Productionizing Envoy Mobile at Lyft
Article Summary
JP Simard from Lyft reveals how they replaced URLSession and OkHttp across all their mobile apps with a single networking library—and the results weren't what anyone expected.
Lyft spent years migrating their iOS and Android apps to Envoy Mobile, an open-source networking library based on Envoy Proxy. After months of rigorous A/B testing and gradual rollouts starting in December 2021, they now handle billions of daily requests through this unified solution.
Key Takeaways
- OOM crashes dropped 69.3% and app hangs fell 47.9% on iOS Driver app
- ANRs reduced by 30% on Android bike and scooter apps
- Success rates vary up to 10% across carriers with same library
- Android always uses IPv6 dual stack sockets for all connections
- Real-time stats caught 3 production incidents missed by existing monitoring
Lyft successfully replaced platform-native networking libraries with Envoy Mobile across all apps, matching or exceeding previous performance while gaining unprecedented observability and cross-platform consistency.
About This Article
Lyft's mobile apps didn't have good visibility into network performance. The team had to use hooks into platform libraries with very low sampling rates, which meant they couldn't detect incidents quickly and missed production issues affecting billions of daily requests.

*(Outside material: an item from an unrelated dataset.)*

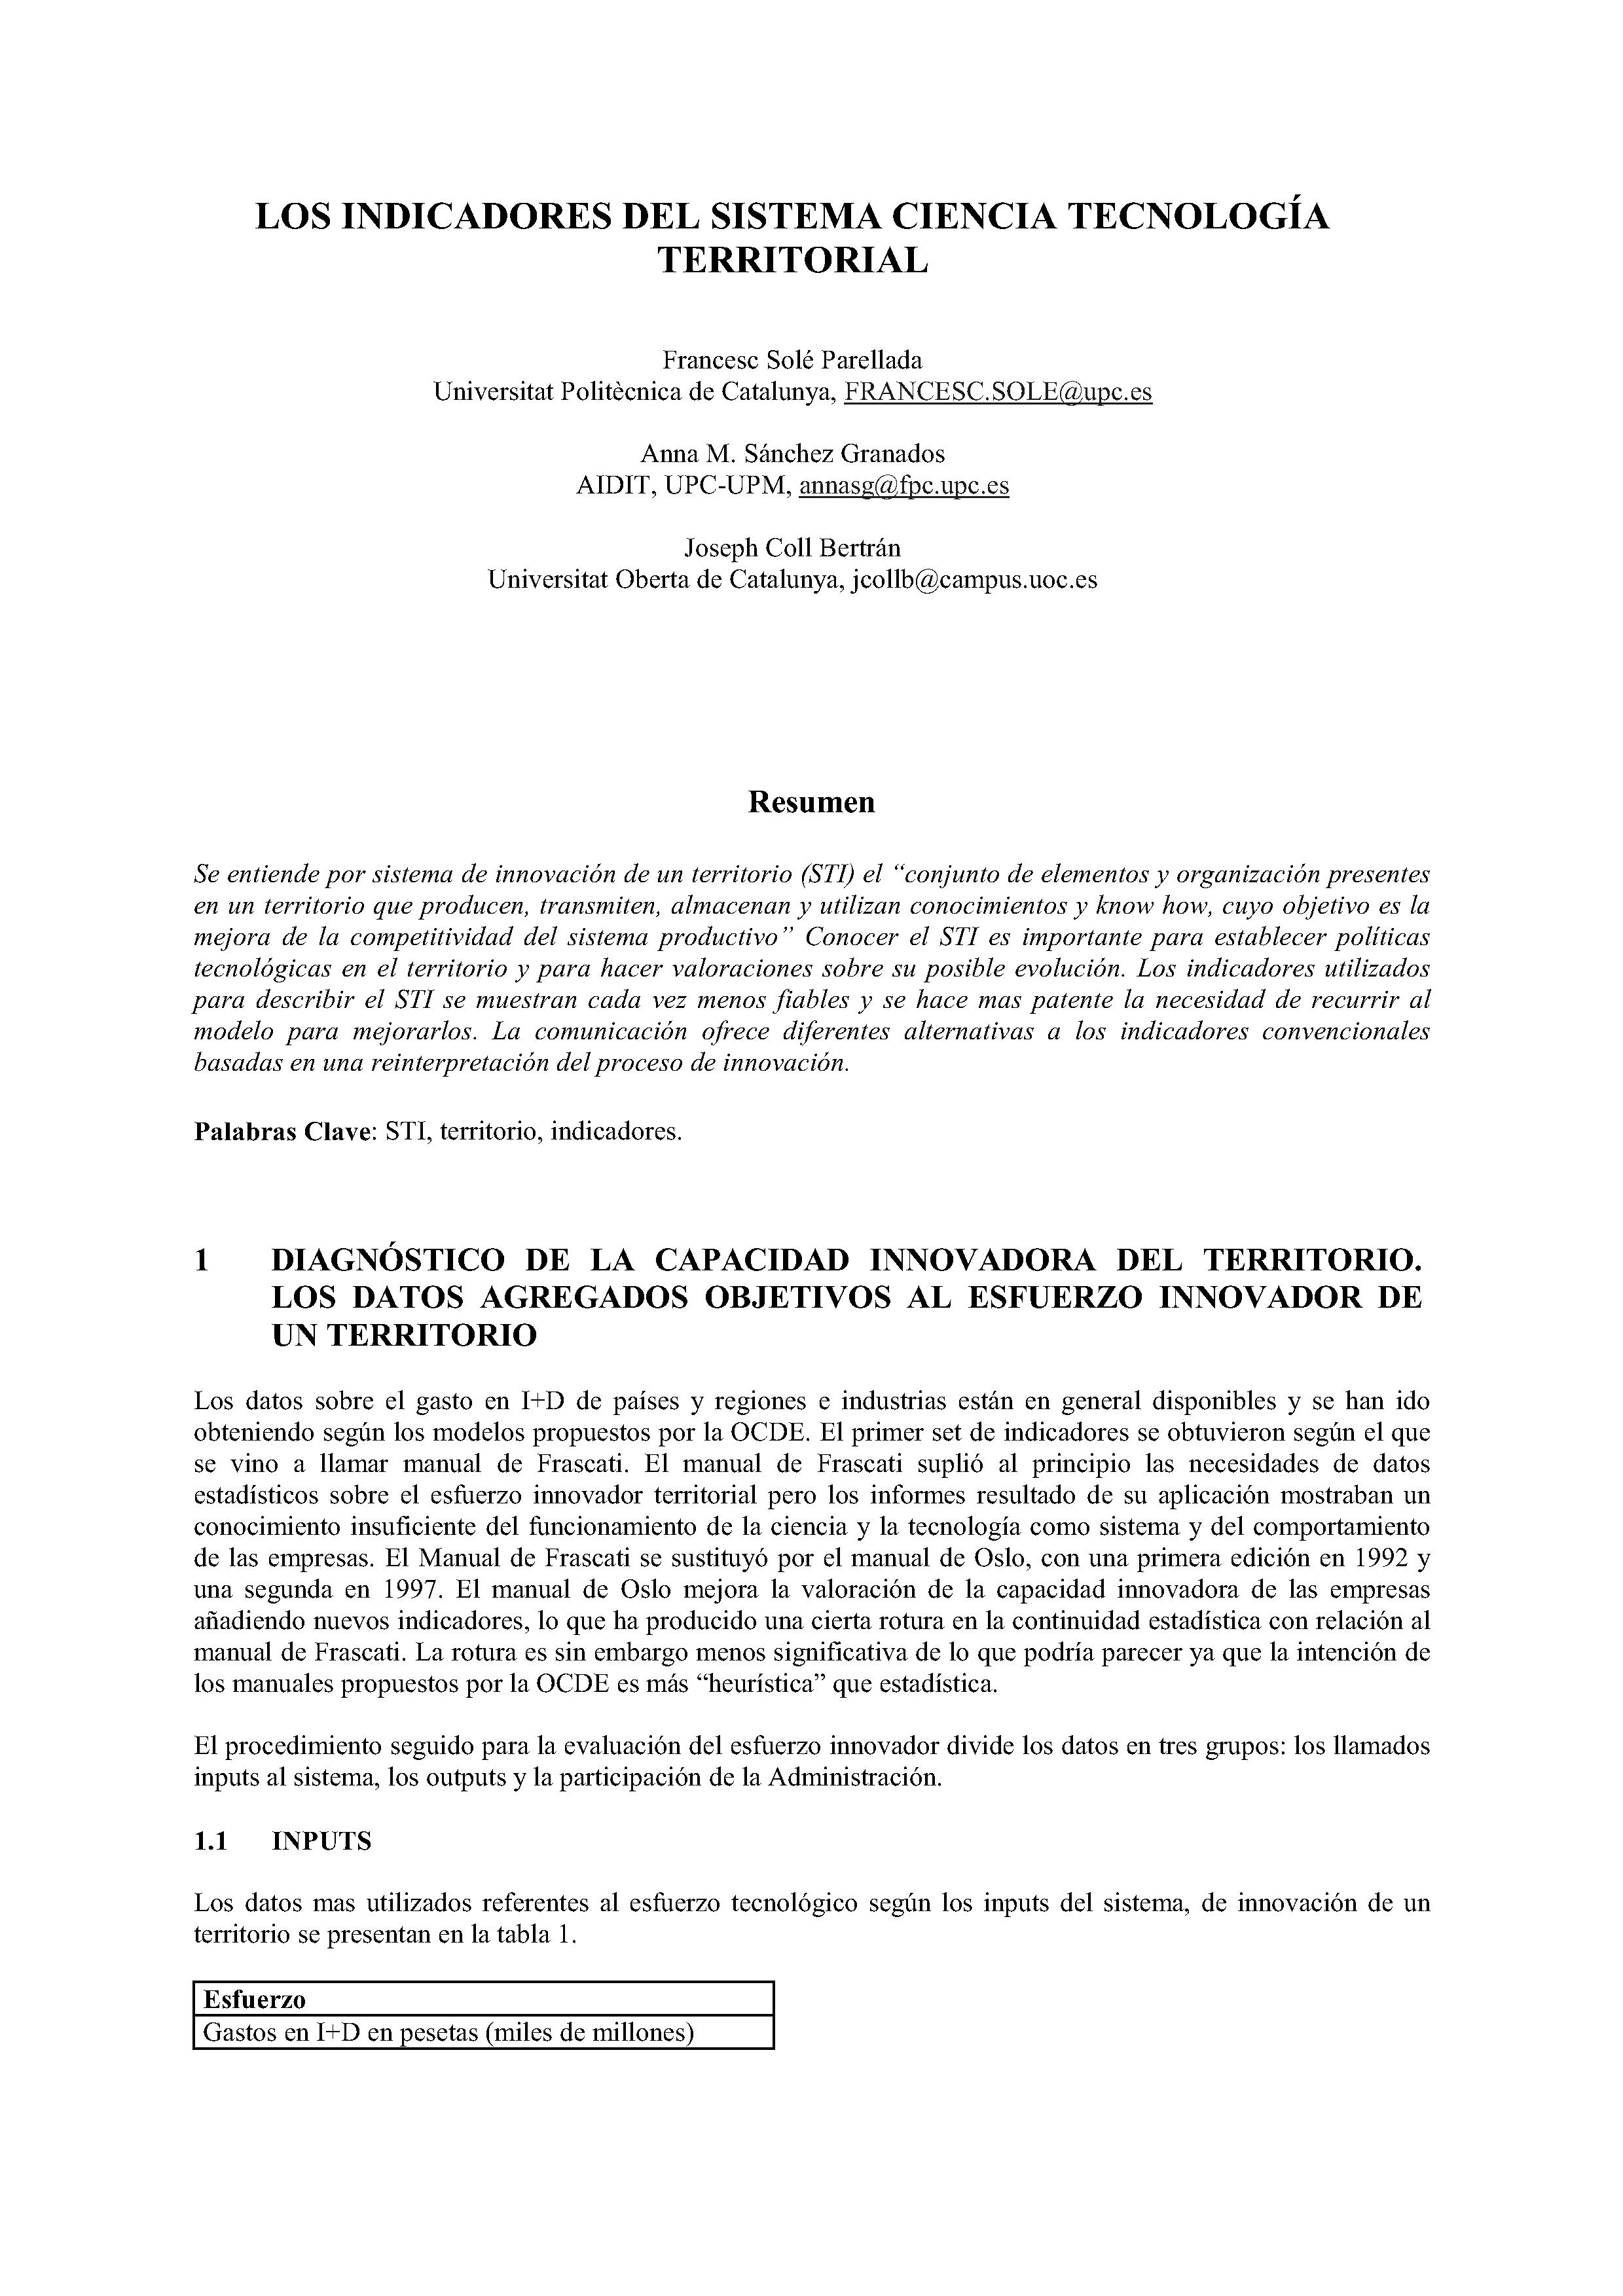 LOS INDICADORES DEL SISTEMA CIENCIA TECNOLOGÍA TERRITORIAL

JP Simard's team used Envoy Mobile's stats system, which comes from Envoy Proxy. It sends comprehensive metrics directly to gRPC or statsd endpoints, giving them near real-time visibility across mobile operations.
Envoy Mobile's stats caught at least 3 production incidents in recent months that Lyft's existing observability solutions missed. Those older solutions relied on costly analytics events, so the faster detection enabled quicker incident response.